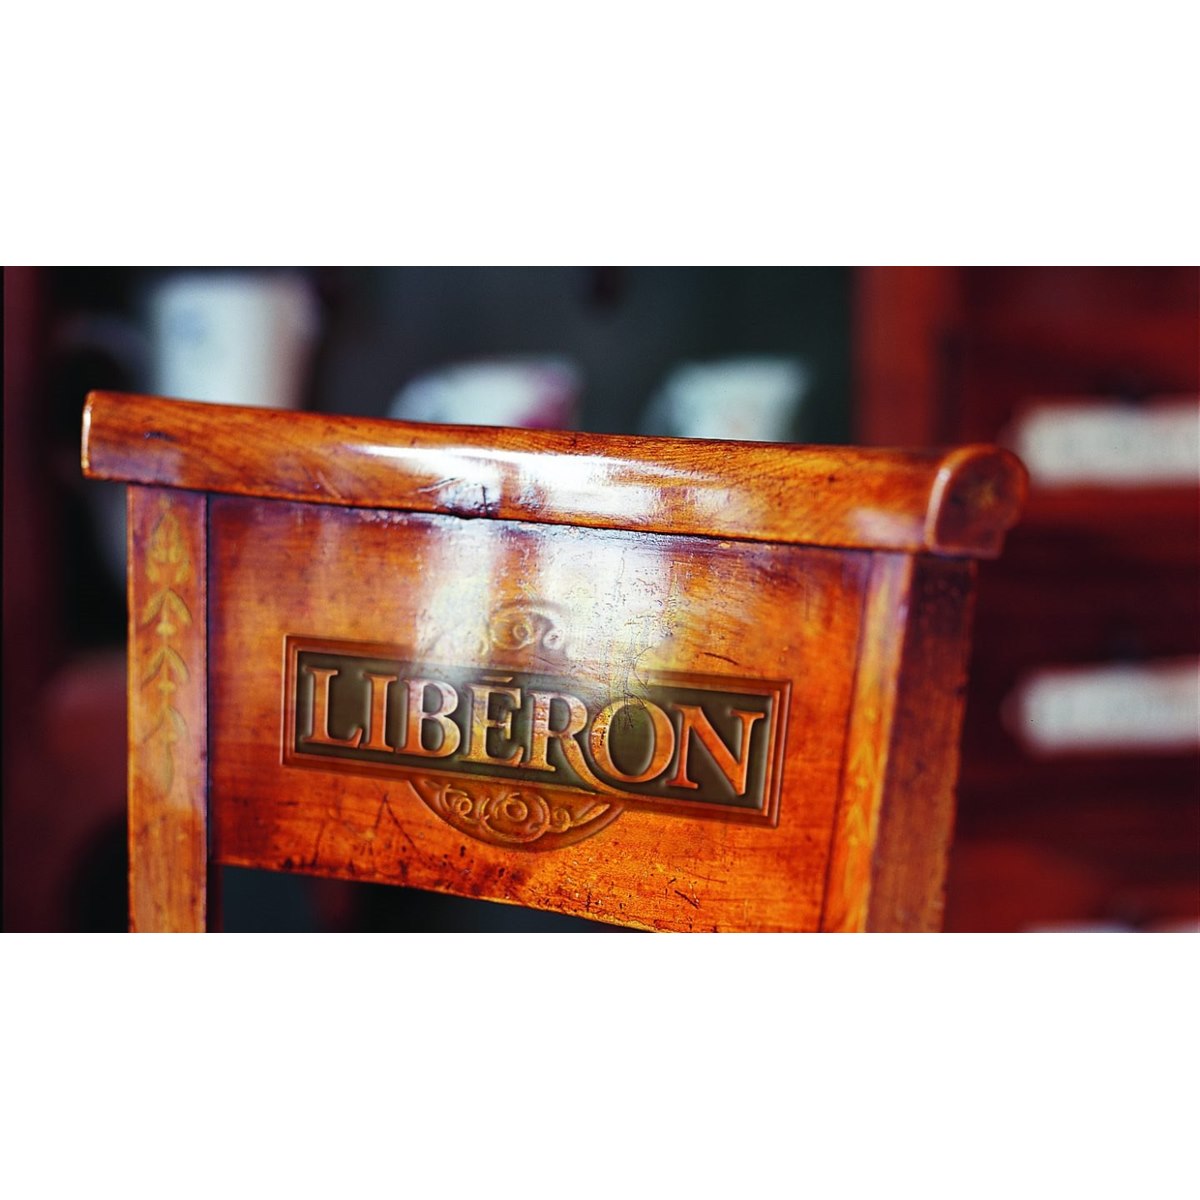 Where to buy Liberon Black Bison Wax
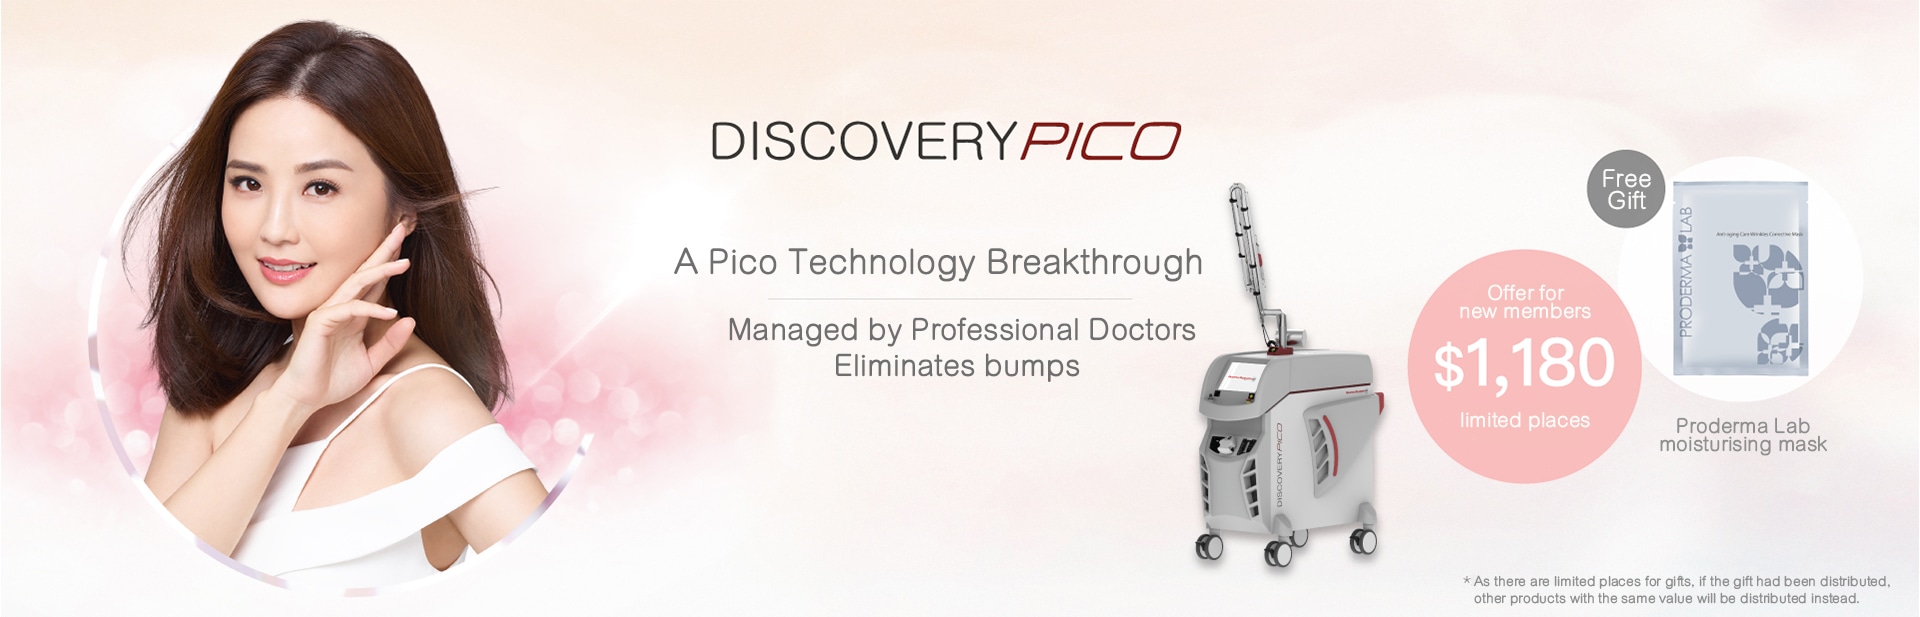 Discovery Pico price
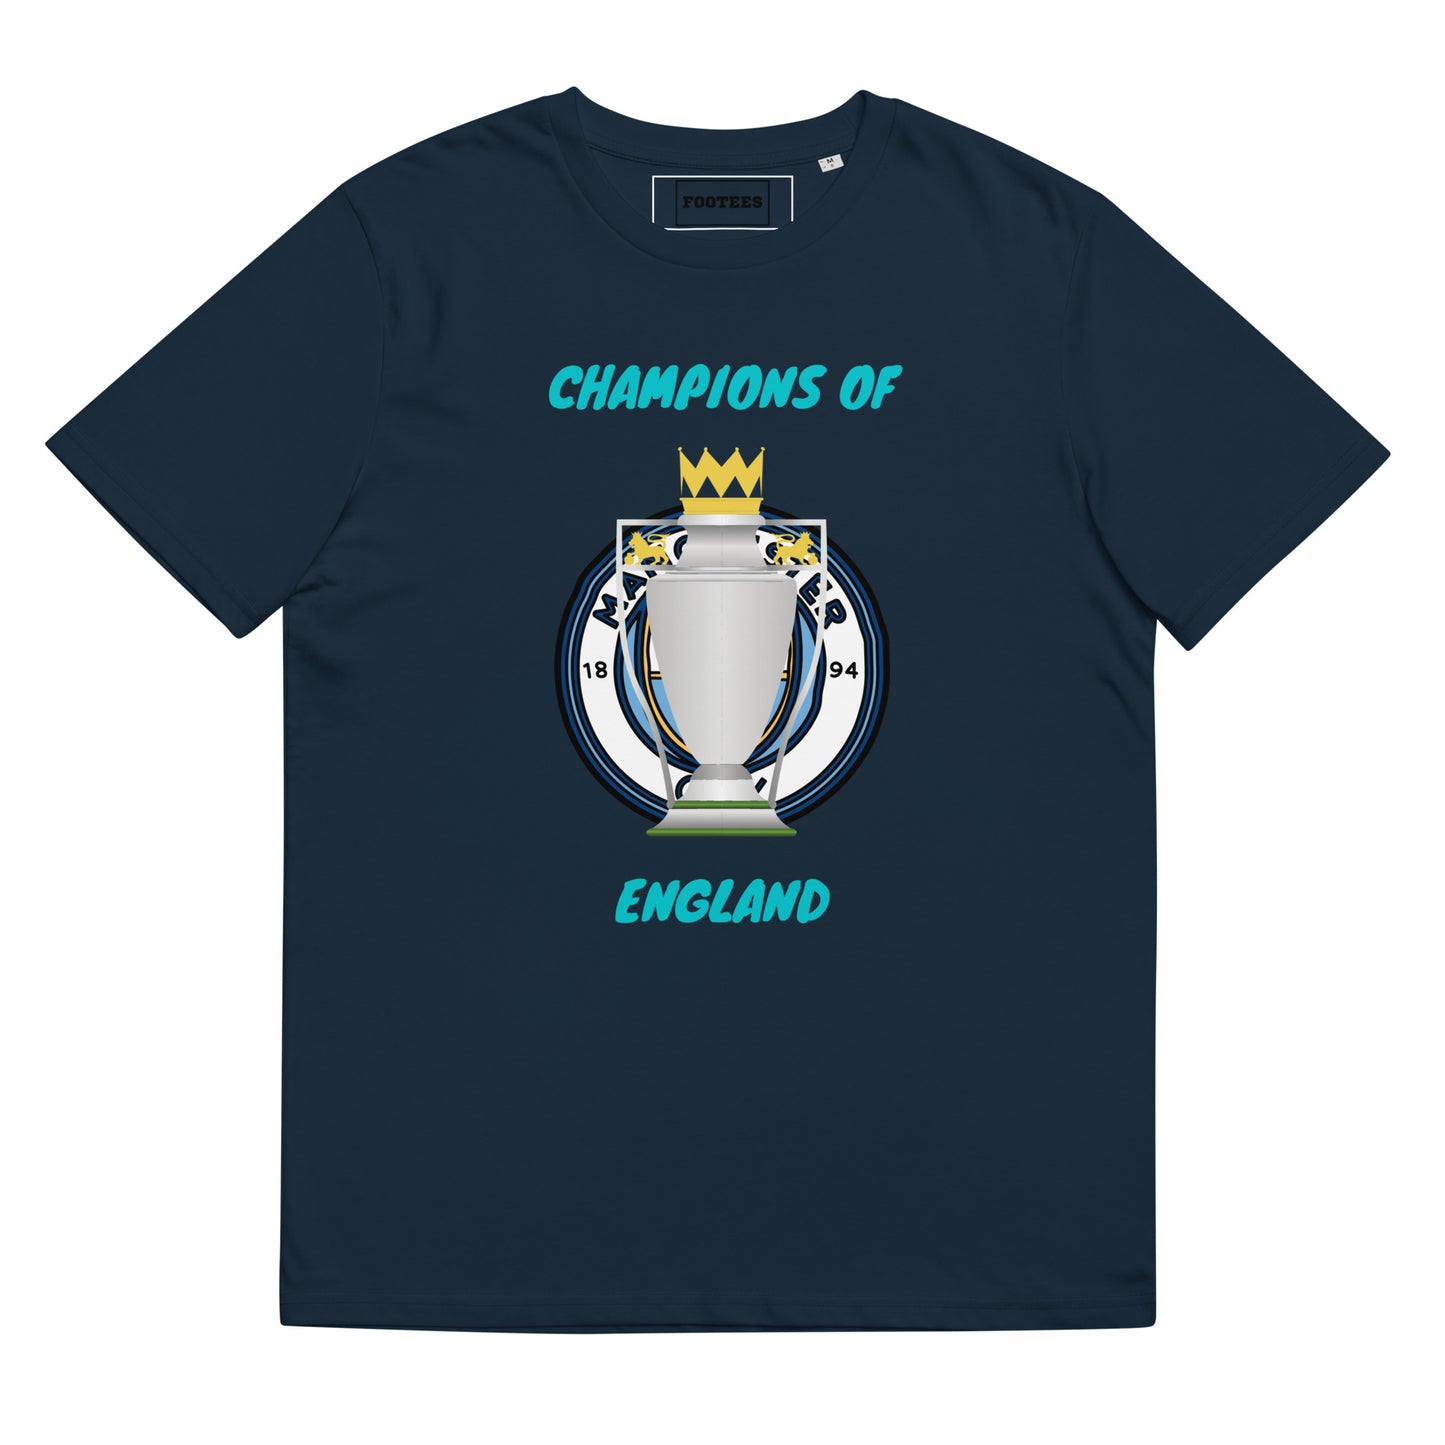 Champions of England Tee
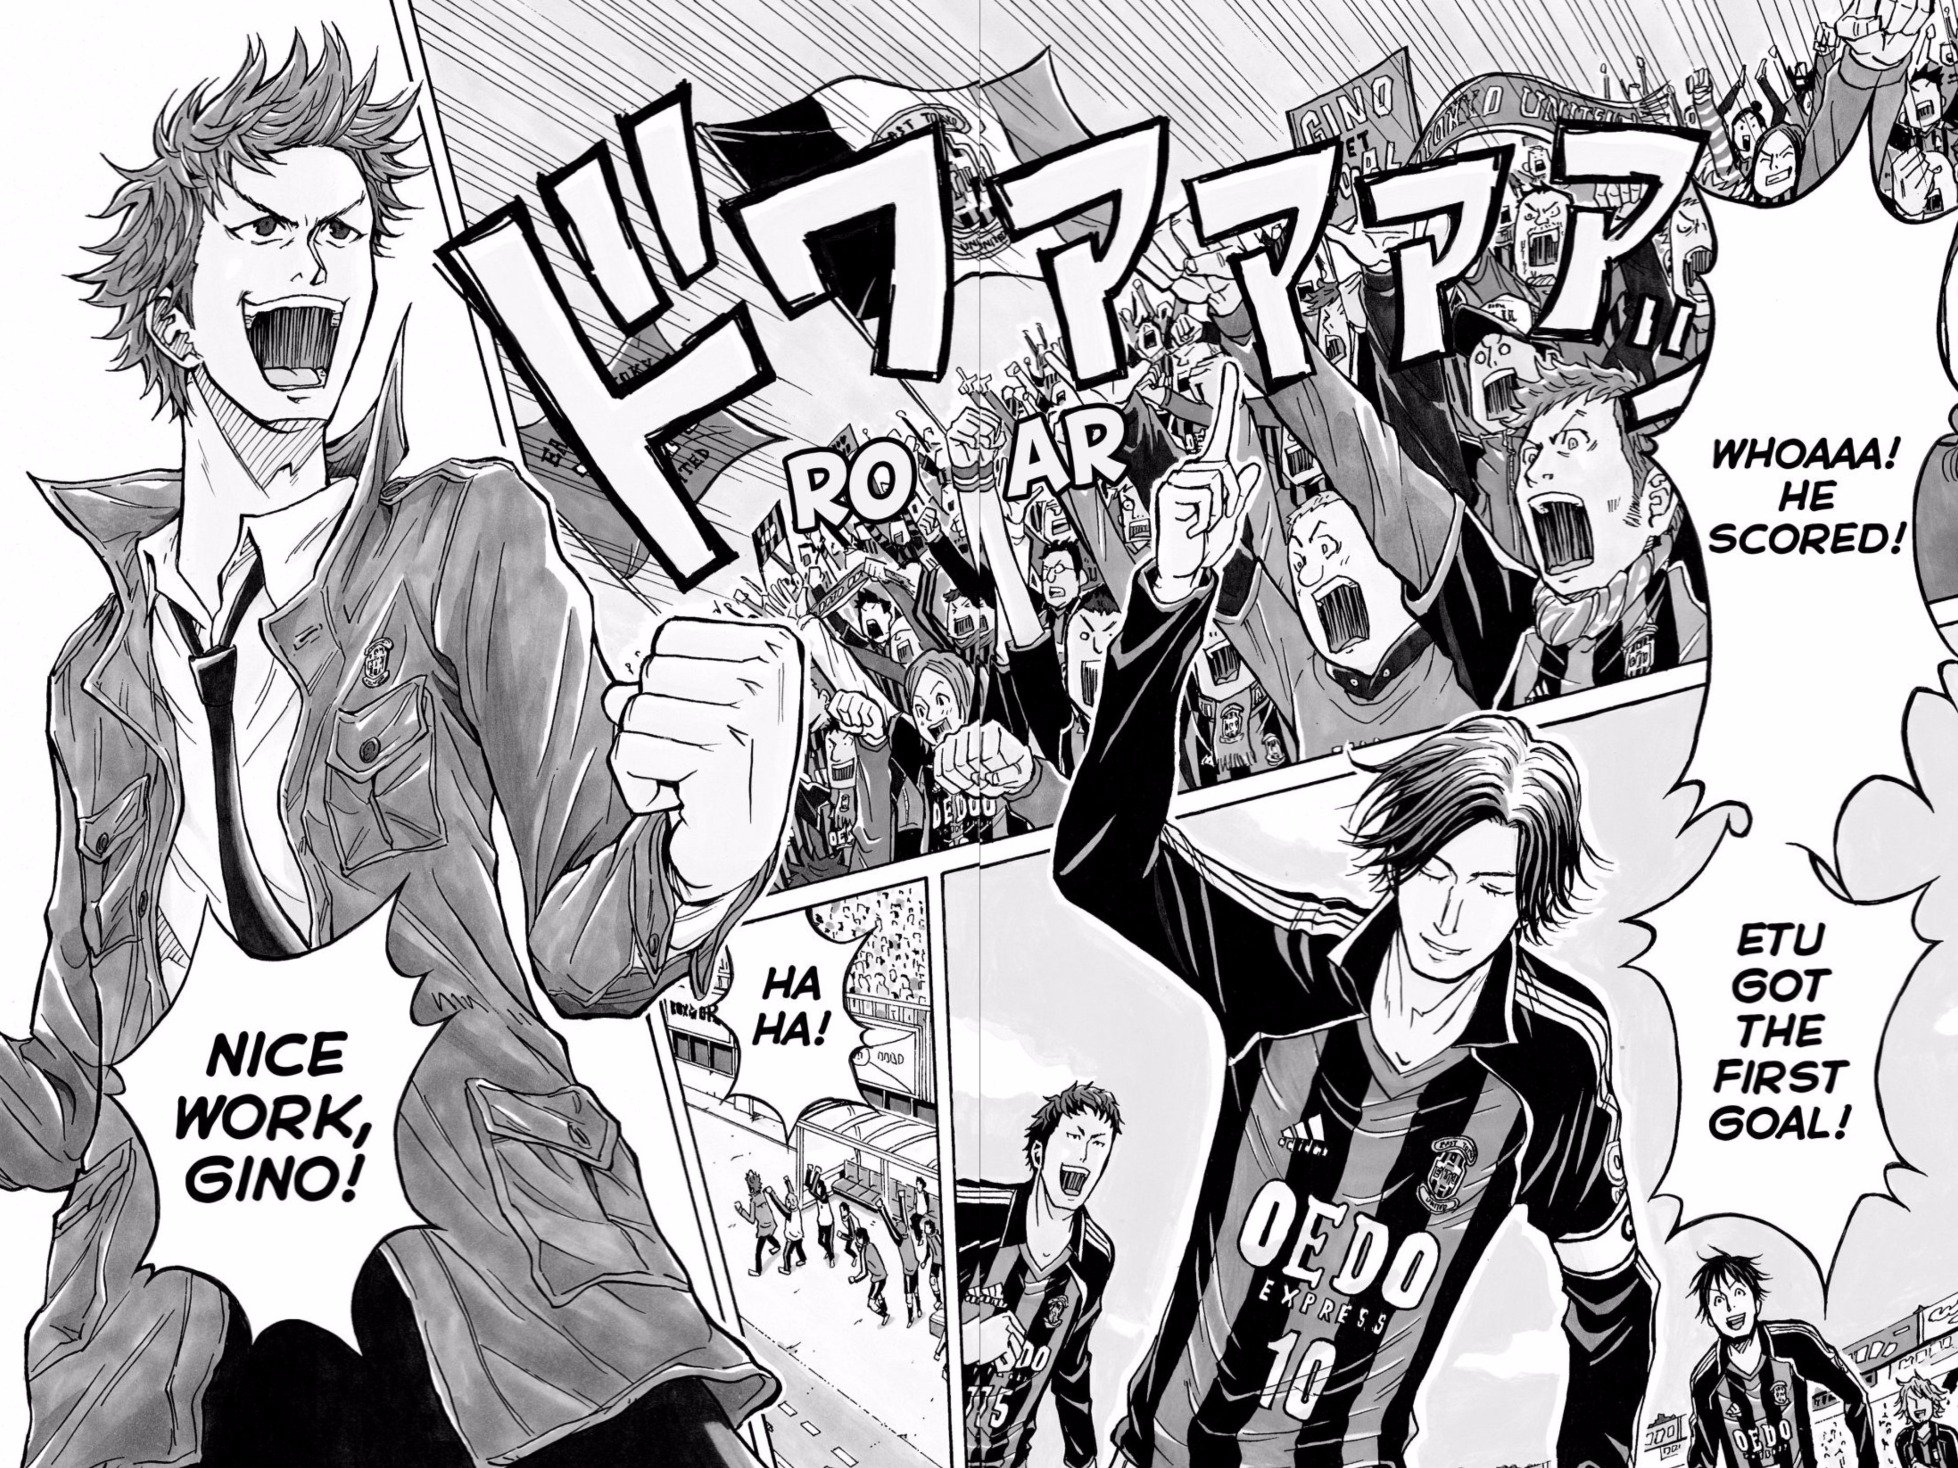 Giant Killing Vol. 1 - Manga Review — Taykobon
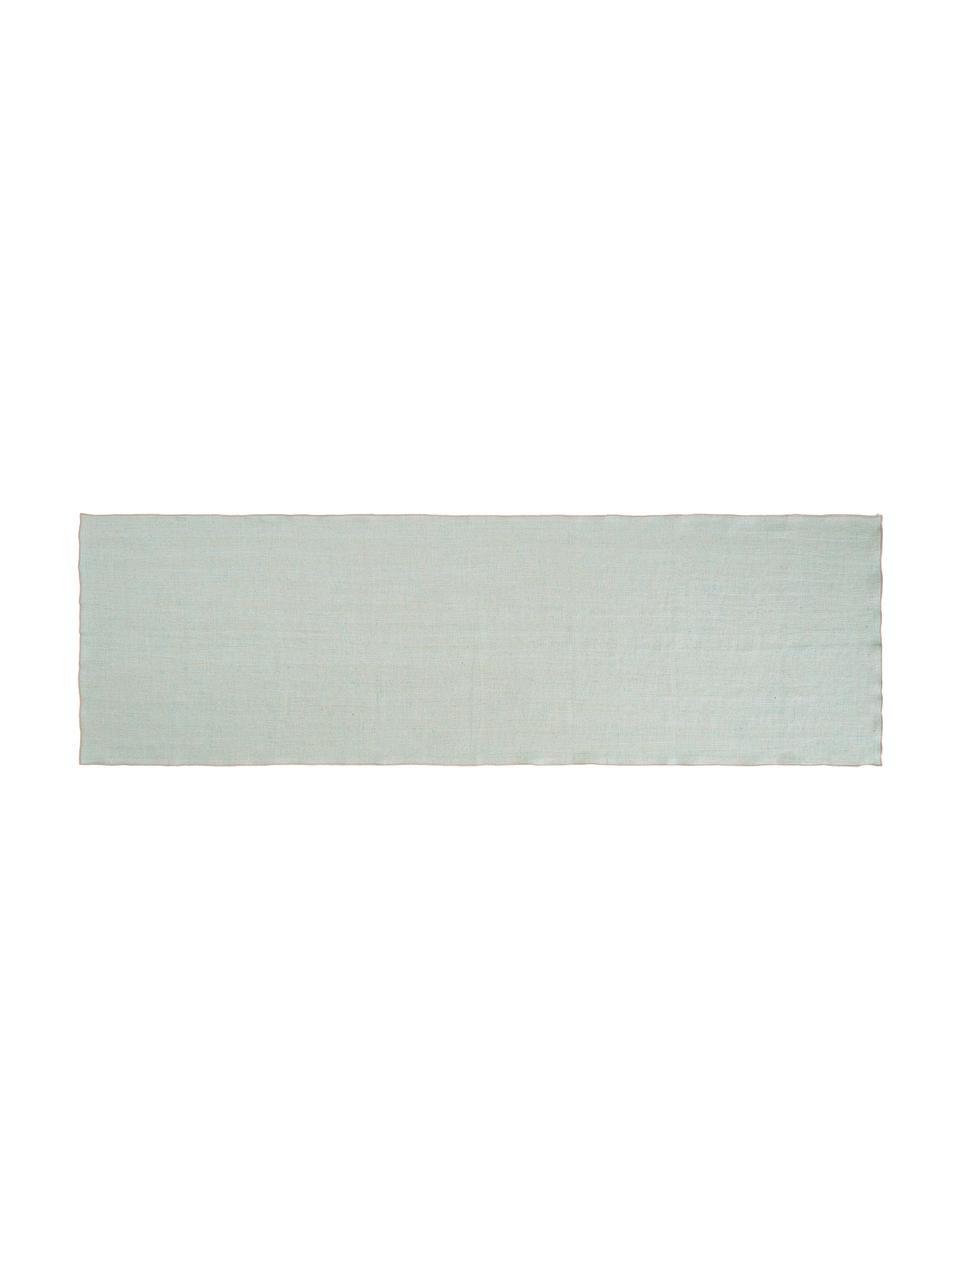 Linnen tafelloper Audra met visgraatpatroon, 100% linnen, Groen, grijs, B 46 x L 147 cm

Task prompt
Retype everything in the entries above exactly. The pictures are to be omitted.

Output
 Where to buy Liberon Black Bison Wax
 Discovery Pico price
 Champions of England Tee
 Giant Killing Vol. 1 - Manga Review — Taykobon
 Linnen tafelloper Audra met visgraatpatroon, 100% linnen, Groen, grijs, B 46 x L 147 cm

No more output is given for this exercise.